With the mortgage market shrinking at an ever-increasing rate and consolidation now a mainstay of the sector, observers are keenly aware of this week's presidential election and what a sea change in government might mean for MBS and the housing market at large.

The general consensus seemes to be that the choice of a president is not nearly as important for the mortgage market as the constituency of the two houses of Congress, and the real determining factor would be whether there would be a unified or divided government next year.

"You could expect some gridlock if we don't have one party controlling all three [the presidency, the House of Representatives and the Senate]," said Art Frank, head MBS researcher at Nomura Securities. "And gridlock is what has led to these surpluses. If Gore wins narrowly and the Republicans hang onto Congress, or if Bush wins narrowly but the Democrats take over one of the houses of Congress...there will be a stalemate that has led to the piling up of surplus and paying down of debt.

"So if the Republicans sweep the House, Senate and presidency, the expectation of the market would be for good-size tax cuts coming. If the Democrats win, there will be worrying about spending increases.

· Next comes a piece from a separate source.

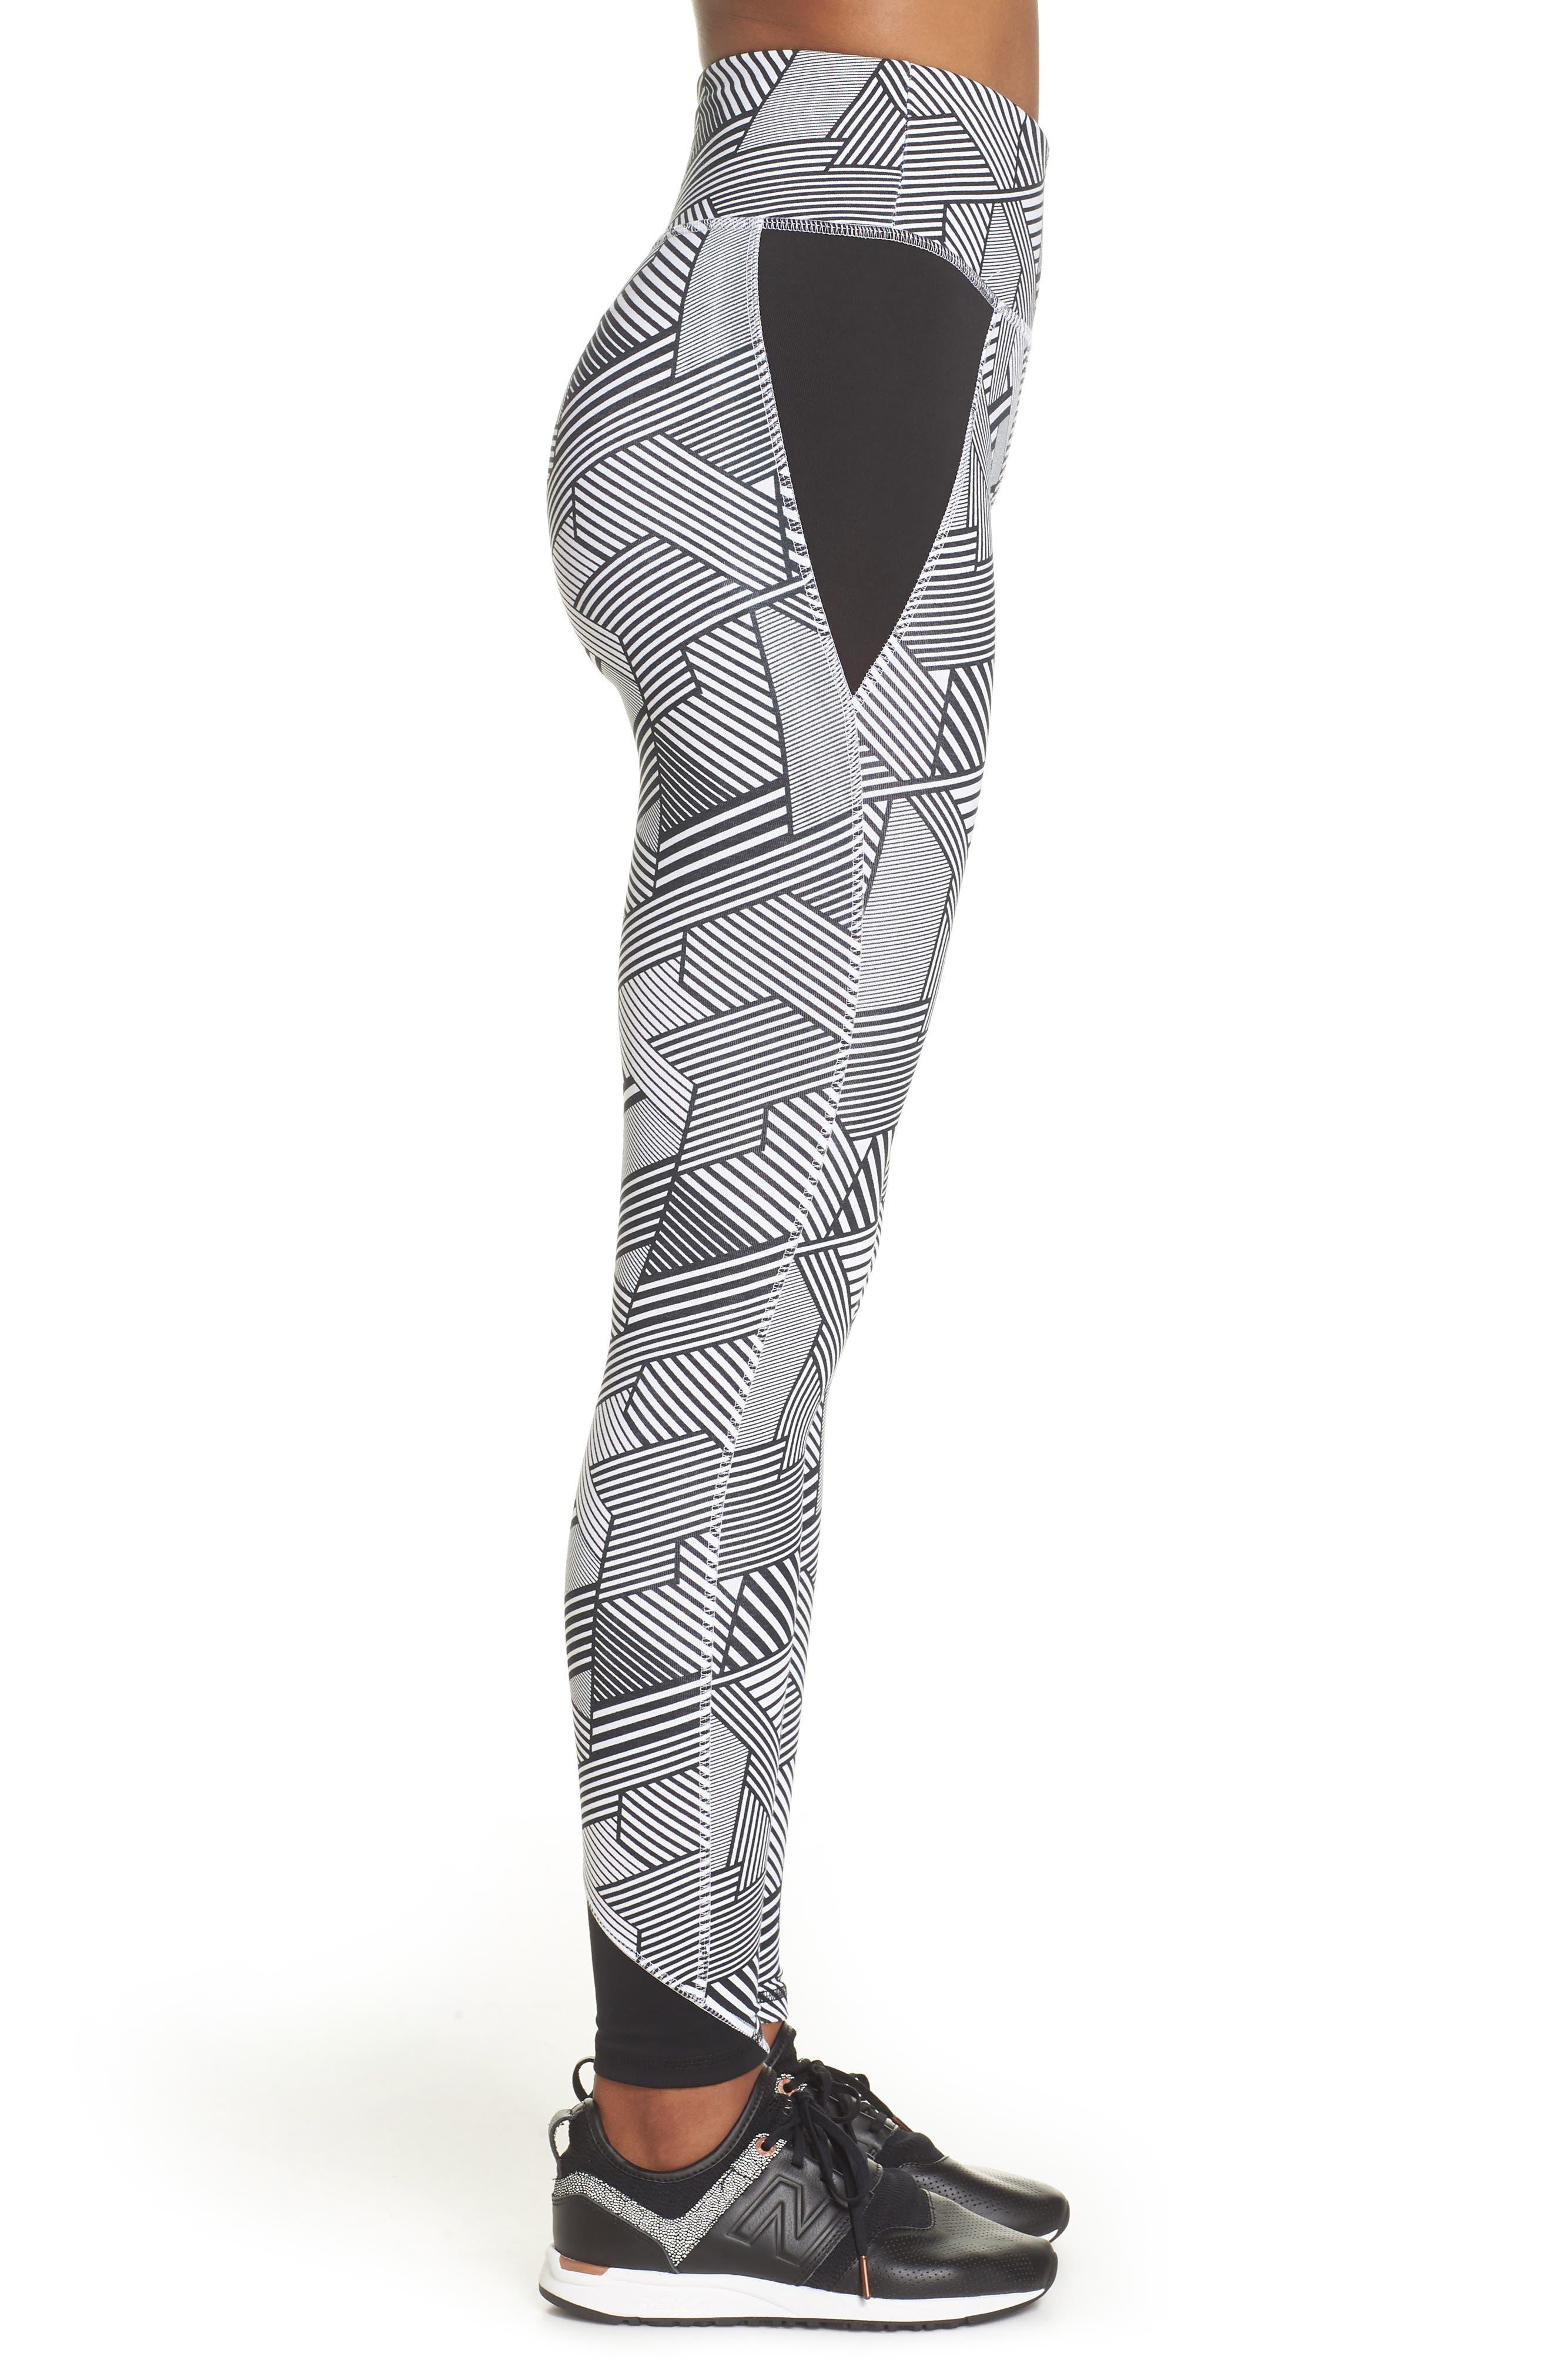 247 Sport Leggings,                             Alternate thumbnail 3, color,                             Black Multi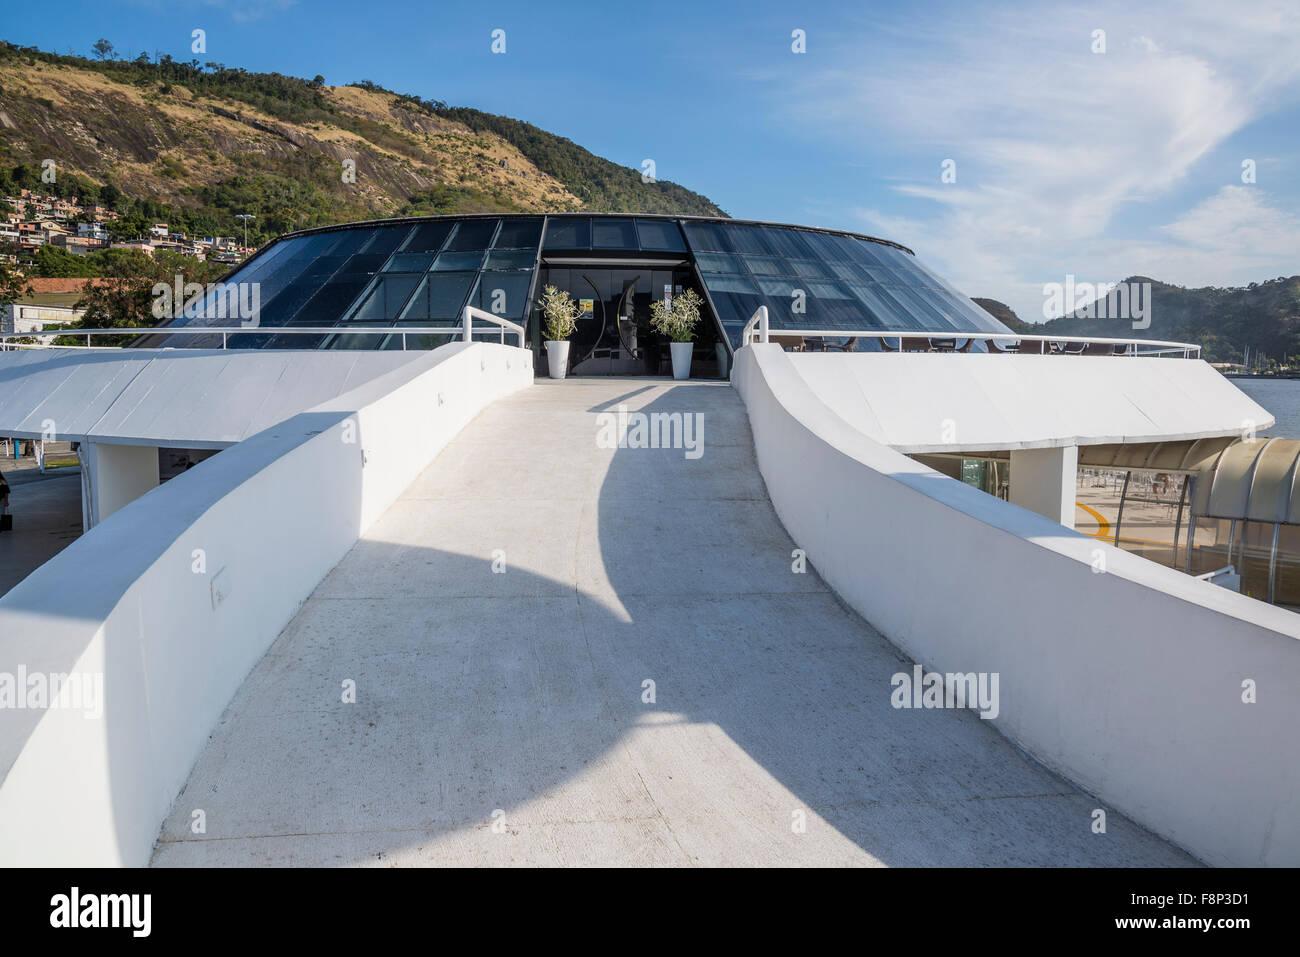 Waterways of Charitas station, Niteroi, Rio de Janeiro, Brazil - Stock Image

Either eats into the surplus or reduces the Treasury buybacks."

However, some analysts believe that a Republican win implies a steeper yield curve, which is surely a good thing for mortgage-backed securities. According to David Montano, a director at Credit Suisse First Boston, a Republican victory means that there will be an increased government debt market and a steeper yield curve, and MBS players are generally perceiving that as an advantage.

"But the impact on the housing market depends on the level of rates," Montano said. "If we enter into an easing cycle or a slight recession, there will surely be a slowdown in the housing market, irrespective of who wins."

Still, most sources didn't seem to think the choice of president would have much of a short-term effect on the market. However, Nomura's Frank did think that if Bush wins and the Republicans hold onto both houses of Congress, there could be a widening in spreads this Wednesday in agency debt.

"Democrats are more supportive of the GSEs keeping their current charter than the Republicans are, so there could be a widening of between two to four basis points on the news," Frank said.

However, Montano disagreed. Spreads would only widen if investors value full faith and credit, but a Bush victory implies more government debt in general and would make spreads tighter, Montano said. "But I doubt there will be much of a reaction, unless people believe that the capital gains tax is going to get cut," he added.

Regardless of who wins this week, analysts are calling for origination rates to decline next year as the housing market cools off. Since home appreciation has been running faster than the economy, it is expected to slow down. Overall, a soft landing for the economy is predicted independent of election results, unless one party controls the entire government.

"From the standpoint of interest rates remaining low, a certain amount of gridlock in Washington is a good thing," Frank said.